## Data Science Academy

### Projeto e Implementação de Plataforma de Dados com Snowflake

### Lab 5

### Automatizando Staging Para Pipeline de Machine Learning com Snowpark

## Carregando Snowpark e Outros Pacotes

In [None]:
# Imports
import os
import pandas as pd
import numpy as np
import snowflake.connector
from snowflake.snowpark.session import Session
from snowflake.snowpark.types import (IntegerType,
                                      StringType,
                                      StructField,
                                      StructType,
                                      DateType,
                                      BooleanType,
                                      DecimalType,
                                      FloatType,
                                      TimestampType,
                                      VariantType,
                                      ArrayType)
from snowflake.snowpark.context import get_active_session

## Carregando o Dataset e Fazendo o Split

In [None]:
# Carrega o dataset
df_dsa = pd.read_csv("dataset.csv")

In [None]:
# Split para criar índices e dividir os dados
indices = np.random.permutation(len(df_dsa))
split1 = int(len(df_dsa) / 3)
split2 = int(2 * len(df_dsa) / 3)

In [None]:
# Usa os splits para dividir o dataset em 3 partes
df1 = df_dsa.iloc[indices[:split1]]
df2 = df_dsa.iloc[indices[split1:split2]]
df3 = df_dsa.iloc[indices[split2:]]

In [None]:
# Salva os datasets
df1.to_csv("dataset1.csv", index = False)
df2.to_csv("dataset2.csv", index = False)
df3.to_csv("dataset3.csv", index = False)
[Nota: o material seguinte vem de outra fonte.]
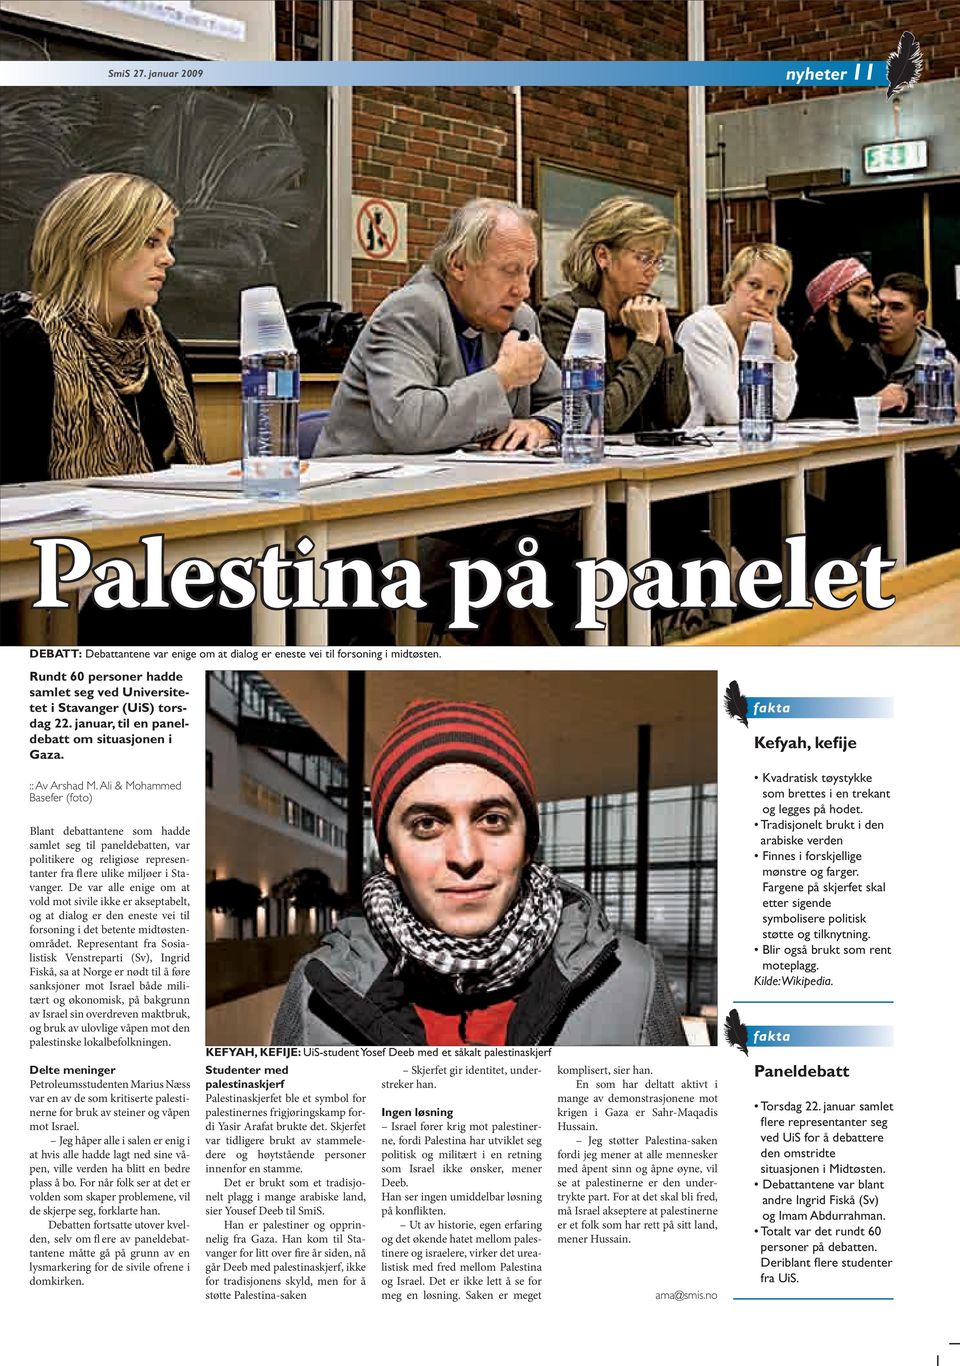 Ali & Mohammed Basefer (foto) Blant debattantene som hadde samlet seg til paneldebatten, var politikere og religiøse representanter fra fl ere ulike miljøer i Stavanger.

## Criando a Sessão Snowpark e o Banco de Dados

In [None]:
# Cria a sessão Snowpark
session = get_active_session()

In [None]:
# Cria o banco de dados que vai receber os stages
session.sql("CREATE OR REPLACE DATABASE Database02").collect()

In [None]:
# Define o schema a ser usado
session.sql("USE SCHEMA PUBLIC;").collect()

In [None]:
# Verifica as informações
session.sql("SELECT current_warehouse(), current_database(), current_schema(), current_user(), current_role()").collect()

## Criando os Stages

In [None]:
# Define os nomes das áreas de stage
load_data_stage = "LOAD_DATA_STAGE"
model_stage = "MODEL_STAGE"
function_stage = "FUNCTION_STAGE"
package_stage = "PACKAGE_STAGE"

In [None]:
# Cria os stages
session.sql(f"CREATE OR REPLACE STAGE {load_data_stage}").collect()
session.sql(f"CREATE OR REPLACE STAGE {model_stage}").collect()
session.sql(f"CREATE OR REPLACE STAGE {function_stage}").collect()
session.sql(f"CREATE OR REPLACE STAGE {package_stage}").collect()

In [None]:
# Cria uma sequence para numeração
session.sql("CREATE OR REPLACE SEQUENCE MODEL_SEQ START WITH 1 INCREMENT BY 1;").collect()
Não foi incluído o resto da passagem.